Девушка попыталась приказать своему телу, чтобы оно переплавилось в дикую форму, помесь зверя и ящера, придуманную затейницей-природой. Но теперь превращение не было таким легким и быстрым, как в прошлом сне. Кости сжимались с такой болью, словно кто-то вытягивал из них мозг, высыхающая кожа жгла тело, отросшие крылья казались тяжелым грузом. Но ей кое-как удалось вытерпеть и даже взлететь к потолку, над собравшимися едоками. До нее доносились обрывки разговоров, заглушаемые треском огня и диким хохотом кого-нибудь из собеседников, но одно слово Дана расслышала четко — «ульника». Оно звучало красиво, переливчато и странно в устах этих прожорливых гуляк, однако почему-то напугало девушку не меньше их повадок.

Неожиданно перед колдуньей возник огромный ворон — он так раскинул черные крылья, что они почти касались стен. Его глаза пристально на нее смотрели и мерцали злобным огнем, острый клюв приоткрылся и до слуха Даны донесся глухой скрипучий возглас. Не похожий на обычные вороньи голоса, но уж точно не человеческий.

Колдунья беспомощно глянула в окно — за ним светилась огромная равнодушная луна и холодный город в ее свете лежал как на ладони. Выпорхнуть из него не представлялось возможным, вдобавок на подоконнике сидела большая белая сова. Ее круглые желтые глаза уставились на Дану, и как показалось той, она по-человечески лукаво и недобро щурилась. Короткий загнутый клюв блестел словно лакированный, когти походили на рыболовные крюки. Сова тоже расправила крылья, отливающие жемчужным блеском, будто преградила Дане последний путь к отступлению.

«Ульника…» — пронеслось в голове у колдуньи, когда сознание уже мутнело от боли и страха. Инстинкт подсказывал, что именно это слово нужно выхватить и унести с собой в живой мир из сонного ада. Но что это? Имя? Место? Заклинание? На размышления сил уже не хватило, а затем Дана с ужасом поняла, что вновь преображается. Шерсть исчезла с ее тела, крылья рассыпались в труху и она стояла беззащитной и неприкрытой. Теперь пирующие заметили ее и хищно разглядывали, подмигивали, облизывались отпускали какие-то шутки.

Она уже не видела, кто первым дернул ее за волосы, толкнул в спину, грубо распластал на столе, так что лицо и грудь упирались в дерево и она даже не могла нормально дышать.
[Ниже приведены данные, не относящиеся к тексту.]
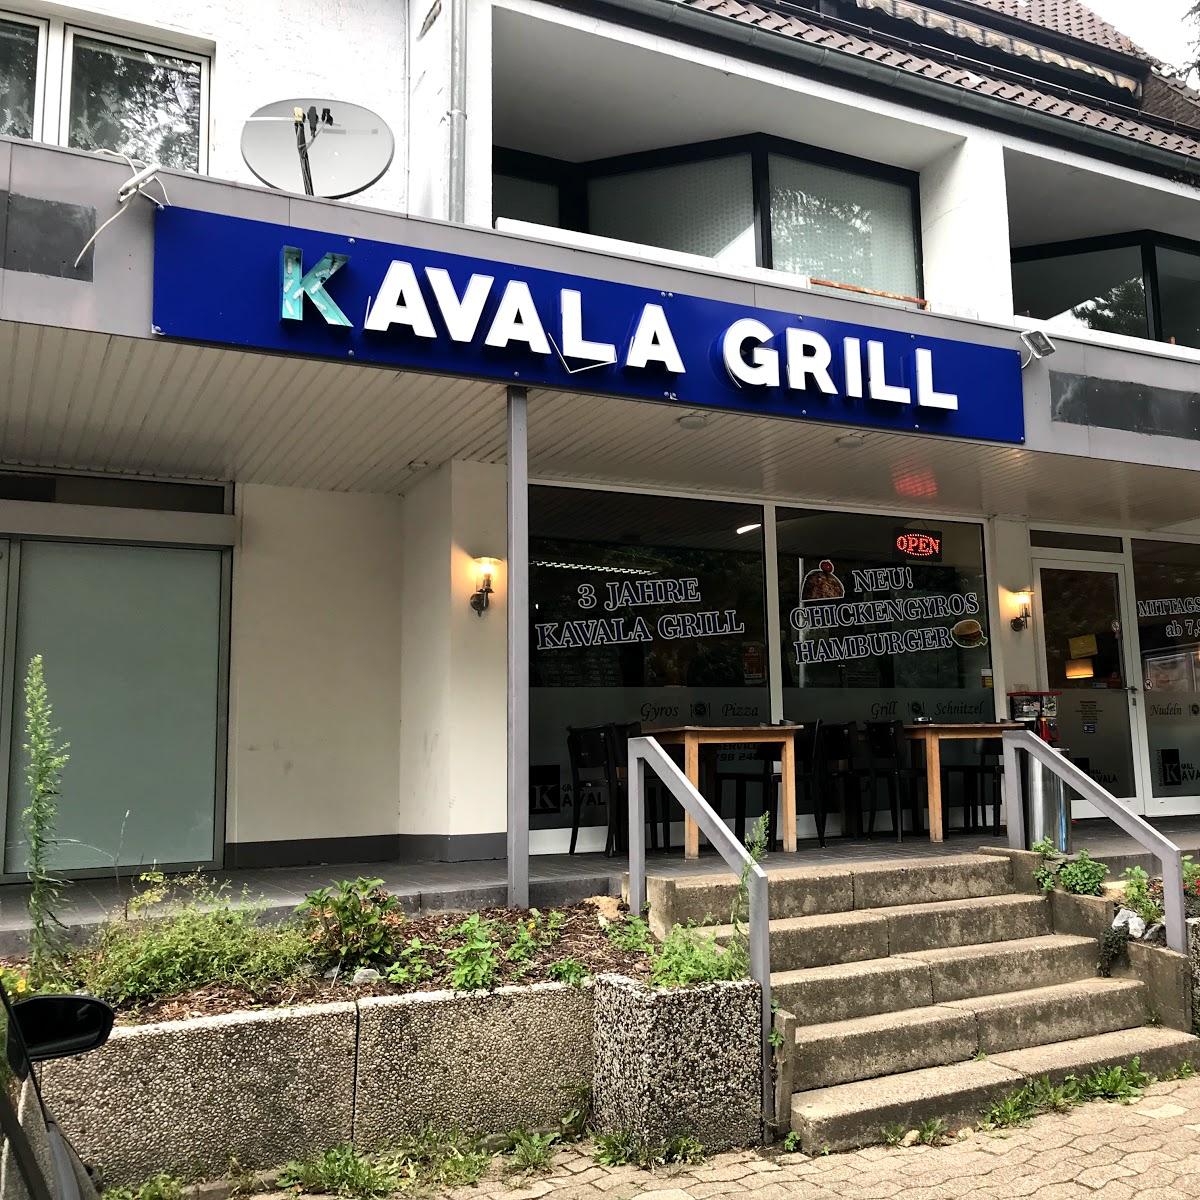 Restaurant "Grill Kavala" in Bielefeld

Лишь изредка из горла вырывались сдавленные рыдания. Ее будто разрывали на куски и покрывали зловонной слизью животных касаний и насмешливых взглядов. Когда-то Дана слышала от сельских баб, что насилие легче пережить, если отрешиться от всего. Да и чем, если подумать, это страшнее, чем рутинный долг перед мужем?
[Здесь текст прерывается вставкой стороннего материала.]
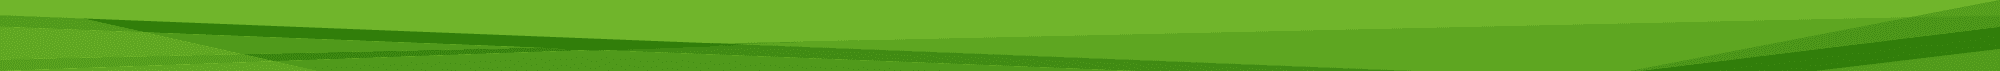 green banner bottom - Events Dashboard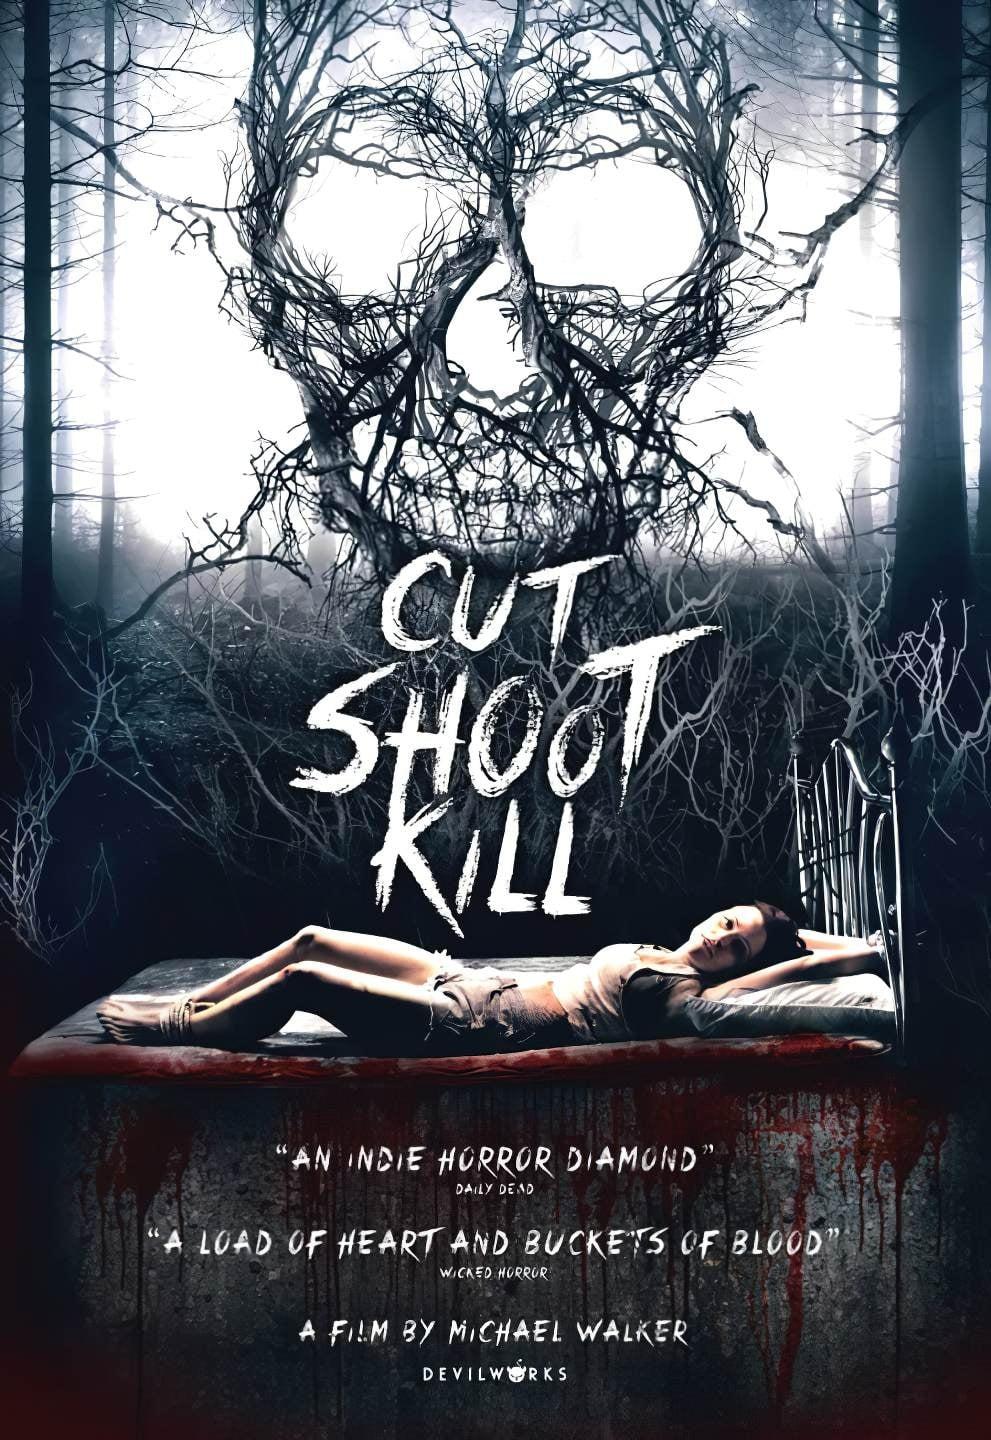 Cut Shoot Kill poster

Но сейчас девушка отчетливо понимала, как же все это далеко от правды. Сладострастие этих скотов не шло ни в какое сравнение с чувственностью Рикхарда — уверенной, мужественной, прямой, но бережной и заботливой. И она никак не могла утешиться, представив его на месте насильников.

Раскатистый рев, и не человечий, и не звериный, раздался за спиной девушки, ужас вконец сковал и безвольные руки, и измученные больными судорогами ноги. Перед глазами мелькнул огромный белый силуэт, колышущийся в воздухе, и девушка разглядела черную голову с пламенем, вырывающимся из глазниц и пасти.

«Мара! — сообразила колдунья, — одна из хозяек междумирья, проводница душ, завершивших земной путь. Впрочем, чему же тут удивляться? Пиршественный стол — лучший алтарь для обрядов в ее честь, хоть в захудалом трактире, хоть в богатом ресторане. Люди ведь не желают уходить тихо и мирно, как листва по осени, им хочется пожирать без всякой меры и ни за что не платить — за хмель, за безумные выходки, за подлости и сломанные судьбы. Только она и заберет соизмеримую плату, но лишь когда сочтет нужным».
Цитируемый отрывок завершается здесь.